• _WHAT YOU SHOULD DO_: In the listing below, find the line that contains "New Women Sublimation" and the line that contains "Einschlagtuch Easy Wrapper (M) Camouflage". Quote both and every line between them, exactly, and nothing more.

• _INPUT FOR THIS TASK_:
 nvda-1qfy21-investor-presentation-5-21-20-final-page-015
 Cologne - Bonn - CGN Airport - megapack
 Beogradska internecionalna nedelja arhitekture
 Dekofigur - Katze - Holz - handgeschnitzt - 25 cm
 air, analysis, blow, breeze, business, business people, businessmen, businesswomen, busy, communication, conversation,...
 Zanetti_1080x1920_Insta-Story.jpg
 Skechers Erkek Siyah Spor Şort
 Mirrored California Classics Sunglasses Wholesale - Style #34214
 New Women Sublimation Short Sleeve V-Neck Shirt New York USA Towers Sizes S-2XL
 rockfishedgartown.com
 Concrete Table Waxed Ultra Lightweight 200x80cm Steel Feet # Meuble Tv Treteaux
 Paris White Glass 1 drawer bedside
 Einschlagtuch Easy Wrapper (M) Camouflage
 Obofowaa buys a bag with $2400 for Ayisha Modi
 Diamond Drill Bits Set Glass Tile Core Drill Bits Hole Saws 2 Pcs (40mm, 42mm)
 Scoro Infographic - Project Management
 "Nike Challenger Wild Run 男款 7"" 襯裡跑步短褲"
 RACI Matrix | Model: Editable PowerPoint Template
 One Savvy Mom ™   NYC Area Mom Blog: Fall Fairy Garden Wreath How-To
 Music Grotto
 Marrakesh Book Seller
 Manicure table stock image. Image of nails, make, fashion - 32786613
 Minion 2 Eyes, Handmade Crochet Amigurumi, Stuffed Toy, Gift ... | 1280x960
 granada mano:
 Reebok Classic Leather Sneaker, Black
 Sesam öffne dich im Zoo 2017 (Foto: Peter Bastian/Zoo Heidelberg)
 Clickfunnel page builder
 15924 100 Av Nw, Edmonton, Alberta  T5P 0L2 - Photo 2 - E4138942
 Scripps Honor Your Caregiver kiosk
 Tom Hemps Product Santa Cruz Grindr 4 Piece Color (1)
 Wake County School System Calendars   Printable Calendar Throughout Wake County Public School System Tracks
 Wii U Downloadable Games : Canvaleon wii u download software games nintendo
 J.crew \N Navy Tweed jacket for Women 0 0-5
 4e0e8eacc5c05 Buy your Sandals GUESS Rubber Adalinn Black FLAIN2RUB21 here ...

• _FINISHED TASK_:
 New Women Sublimation Short Sleeve V-Neck Shirt New York USA Towers Sizes S-2XL
 rockfishedgartown.com
 Concrete Table Waxed Ultra Lightweight 200x80cm Steel Feet # Meuble Tv Treteaux
 Paris White Glass 1 drawer bedside
 Einschlagtuch Easy Wrapper (M) Camouflage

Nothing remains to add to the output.